● Task directions: Among the entries below, one line contains "Chrissy Teigen, John" and another contains "53 Unique Apartment". Transcribe those two lines and every line between them, exactly.

[Dataset records]
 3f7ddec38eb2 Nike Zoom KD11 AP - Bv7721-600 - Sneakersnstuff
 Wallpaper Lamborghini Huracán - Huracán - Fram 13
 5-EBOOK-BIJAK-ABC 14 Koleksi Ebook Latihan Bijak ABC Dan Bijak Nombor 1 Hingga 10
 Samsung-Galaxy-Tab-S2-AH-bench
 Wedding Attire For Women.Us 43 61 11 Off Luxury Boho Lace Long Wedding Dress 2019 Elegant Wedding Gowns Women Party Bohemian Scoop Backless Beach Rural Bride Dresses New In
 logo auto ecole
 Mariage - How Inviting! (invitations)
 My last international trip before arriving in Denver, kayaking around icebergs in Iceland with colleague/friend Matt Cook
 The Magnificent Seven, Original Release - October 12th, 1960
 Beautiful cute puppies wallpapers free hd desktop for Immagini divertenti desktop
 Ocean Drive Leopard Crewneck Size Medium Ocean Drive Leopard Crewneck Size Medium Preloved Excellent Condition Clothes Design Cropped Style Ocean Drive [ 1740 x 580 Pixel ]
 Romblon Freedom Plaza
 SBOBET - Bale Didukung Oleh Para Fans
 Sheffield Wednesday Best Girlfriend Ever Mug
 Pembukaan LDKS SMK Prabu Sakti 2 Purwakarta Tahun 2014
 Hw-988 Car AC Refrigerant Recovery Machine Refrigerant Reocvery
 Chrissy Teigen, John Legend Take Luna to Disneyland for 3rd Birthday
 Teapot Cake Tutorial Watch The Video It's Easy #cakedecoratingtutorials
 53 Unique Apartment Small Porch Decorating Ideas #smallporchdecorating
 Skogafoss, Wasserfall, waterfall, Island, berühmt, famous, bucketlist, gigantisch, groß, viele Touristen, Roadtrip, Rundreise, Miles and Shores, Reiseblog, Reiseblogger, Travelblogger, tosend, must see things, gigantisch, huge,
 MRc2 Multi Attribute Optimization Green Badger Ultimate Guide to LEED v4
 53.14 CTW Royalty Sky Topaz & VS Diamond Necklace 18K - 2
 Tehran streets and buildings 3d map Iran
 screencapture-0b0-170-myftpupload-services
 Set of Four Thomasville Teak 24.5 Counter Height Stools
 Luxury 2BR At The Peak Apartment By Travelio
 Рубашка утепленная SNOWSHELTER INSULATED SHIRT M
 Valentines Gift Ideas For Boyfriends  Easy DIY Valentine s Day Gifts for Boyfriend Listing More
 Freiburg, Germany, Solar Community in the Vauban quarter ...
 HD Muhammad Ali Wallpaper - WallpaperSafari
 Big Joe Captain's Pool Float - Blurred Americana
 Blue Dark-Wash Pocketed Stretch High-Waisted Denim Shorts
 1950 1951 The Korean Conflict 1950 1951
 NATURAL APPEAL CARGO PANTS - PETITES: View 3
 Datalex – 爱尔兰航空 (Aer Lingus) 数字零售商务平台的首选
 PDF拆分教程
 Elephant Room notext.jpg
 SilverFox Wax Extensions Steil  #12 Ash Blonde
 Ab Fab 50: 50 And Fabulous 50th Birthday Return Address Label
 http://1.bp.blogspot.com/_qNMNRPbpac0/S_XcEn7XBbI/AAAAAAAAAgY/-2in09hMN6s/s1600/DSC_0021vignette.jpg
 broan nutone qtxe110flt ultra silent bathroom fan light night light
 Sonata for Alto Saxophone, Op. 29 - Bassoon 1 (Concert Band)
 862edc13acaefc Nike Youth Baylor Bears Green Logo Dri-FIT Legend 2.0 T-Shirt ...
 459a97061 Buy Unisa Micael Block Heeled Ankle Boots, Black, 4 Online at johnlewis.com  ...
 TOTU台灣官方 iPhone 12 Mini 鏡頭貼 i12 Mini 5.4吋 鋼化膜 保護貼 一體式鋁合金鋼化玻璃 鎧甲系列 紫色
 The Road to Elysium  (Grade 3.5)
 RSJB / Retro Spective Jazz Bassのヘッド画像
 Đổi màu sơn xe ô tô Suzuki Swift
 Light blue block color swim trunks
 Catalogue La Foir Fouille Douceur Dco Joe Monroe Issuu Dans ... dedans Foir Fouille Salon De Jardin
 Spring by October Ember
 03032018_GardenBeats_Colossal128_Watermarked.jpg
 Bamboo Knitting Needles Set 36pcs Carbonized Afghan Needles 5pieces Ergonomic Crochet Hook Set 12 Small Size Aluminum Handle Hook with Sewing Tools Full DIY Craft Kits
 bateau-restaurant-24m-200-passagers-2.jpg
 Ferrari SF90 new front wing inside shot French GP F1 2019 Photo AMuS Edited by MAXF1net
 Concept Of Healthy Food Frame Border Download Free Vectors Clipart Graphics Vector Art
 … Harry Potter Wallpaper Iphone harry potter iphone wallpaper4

● Solution for this problem:
 Chrissy Teigen, John Legend Take Luna to Disneyland for 3rd Birthday
 Teapot Cake Tutorial Watch The Video It's Easy #cakedecoratingtutorials
 53 Unique Apartment Small Porch Decorating Ideas #smallporchdecorating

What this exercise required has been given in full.